Nonstops to neighbor islands hurting interisland carriers

By: Robert Carlsen

New nonstop flights directly from major mainland cities to Hawaii’s neighbor islands, such as United’s just-announced service from Denver to Kona, has prompted Hawaiian and Aloha airlines to look long and hard at its money-losing interisland service.

And even though the carriers have cut the number of interisland flights by 14% and the number of seats by 20% in the past six months, those cuts may not be enough.

The carriers also have asked the U.S. Department of Transportation for an antitrust exemption so airline officials can sit down and work out a viable interisland strategy. The proposal, which the DOT accepted and will make a decision on by Oct. 1, allows the carriers to fly 50% of the services.

Keoni Wagner, spokesman for Hawaiian Airlines, affirmed that nonstop mainland-neighbor islands service has created less demand for interisland service. He also said that the general downturn in travel, due to Sept. 11 and the flagging economy, hasn’t helped either.

By coordinating interisland service with Aloha, Wagner said the aim is to “reduce a state of overcapacity in this market that has built up over time. We would coordinate a reduction in total seat capacity in the market, with each carrier flying 50% of the capacity needed each month. We would not coordinate specific flight schedules or fares.”

Wagner said that if the plan is approved, the DOT will oversee its implementation.

In the not-so-distant past, interisland service generated up to 30% of the airlines’ revenue. But these are not normal times.

The proposed cutbacks, which would especially affect Hawaiian locals, are causing some apprehension over the prospect of less-frequent flights and higher fares. However, that fear is less of an issue since the proposed Hawaiian-Aloha merger was called off earlier this year.

Travel agents in Hawaii are watching the scenario with interest.

Danny Casey, president of the ASTA Hawaii chapter, said there has been “very little noticeable impact from any reductions in flights by either airline during the early part of the year.”
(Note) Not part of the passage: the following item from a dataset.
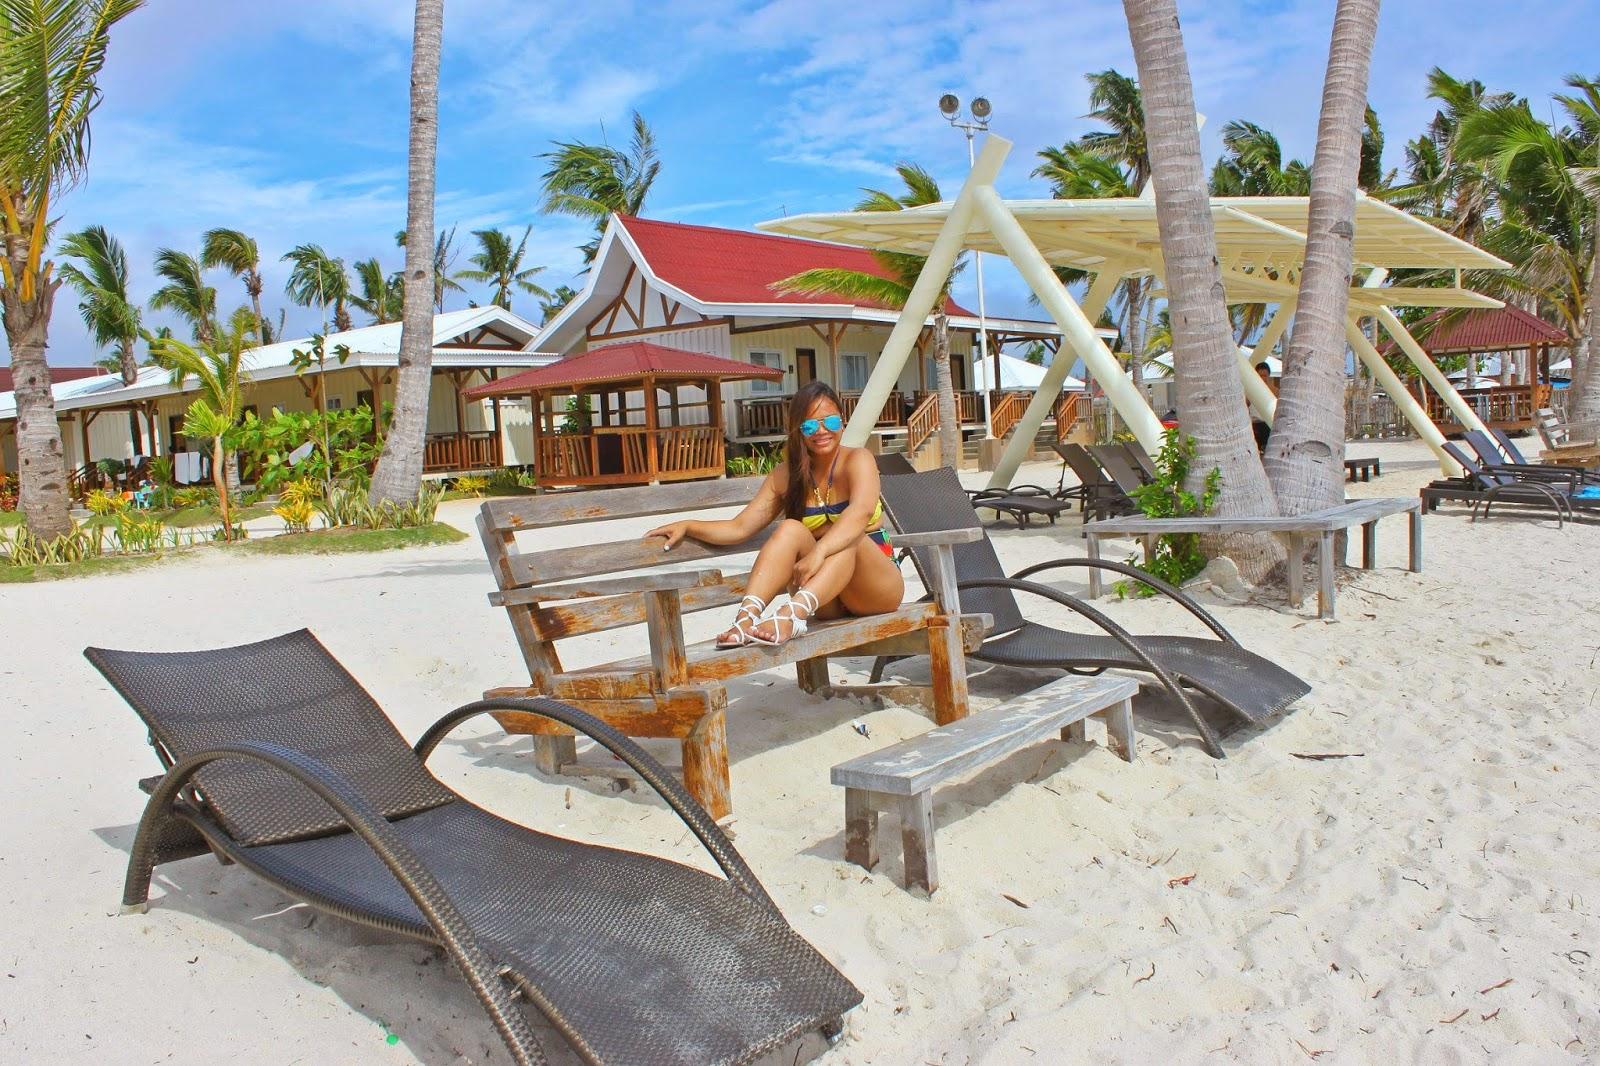 Beachtraveler Bantayan Island After Typhoon Haiyan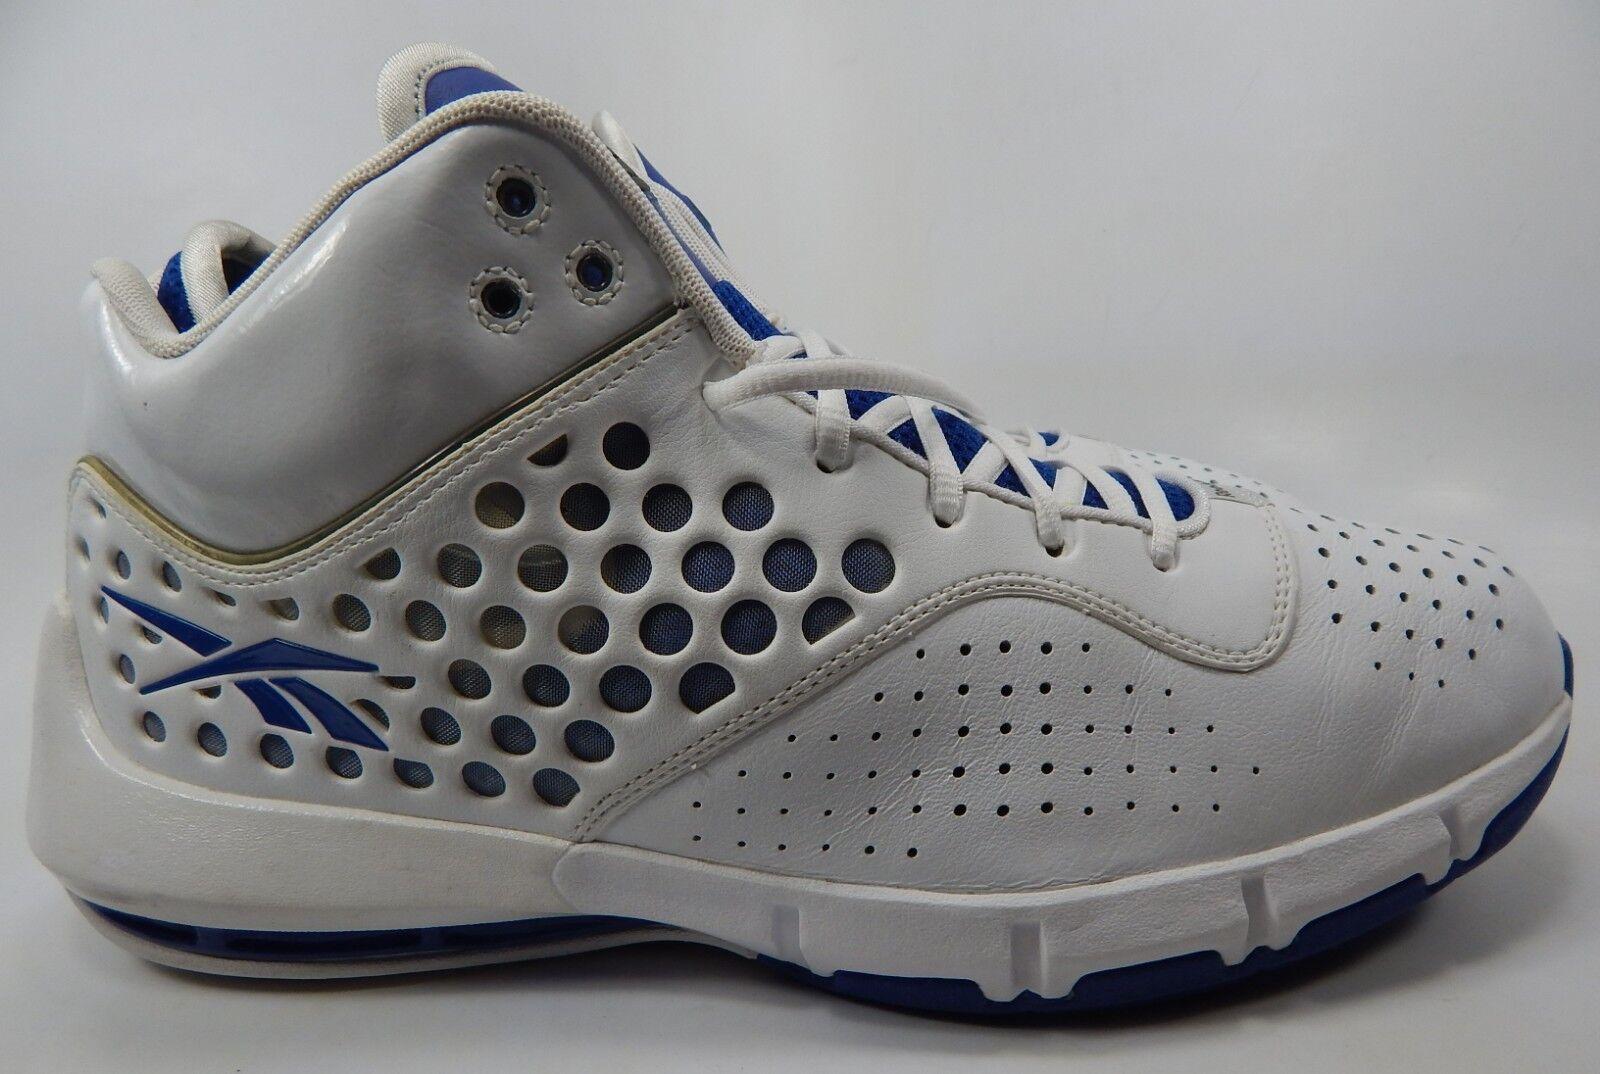 Reebok Men's Basketball shoes Size US 12.5 M (D) White bluee 4-381638

If the airlines’ proposed get-together passes scrutiny, Casey said Hawaii’s interisland travelers will need to adjust to a new way of traveling.

“Customers will have to start making their reservations much more in advance of travel to ensure their desired airline and flight times,” Casey said. “The days of just showing up at the airport with a coupon and catching the next available flight will be gone in most circumstances.”

Casey said brand loyalty may also disappear, replaced by when and where travelers need to go.

“Although several people have said that the combining of schedules will lead to higher prices, the reality is that interisland pricing is difficult to predict, because there are forces at work in the marketplace that push prices up and keep prices down,” he said.

Rachel Shimamoto of All Ways Travel in Honolulu agreed that something needs to be done.

“It’s like twins going on a diet it trims the schedules for a realistic fit,” Shimamoto said, noting that passengers have been spoiled with a lot of choices. “And perhaps they have to stick to taking the flight that’s booked; no more no-shows since there were so many flights to choose from.”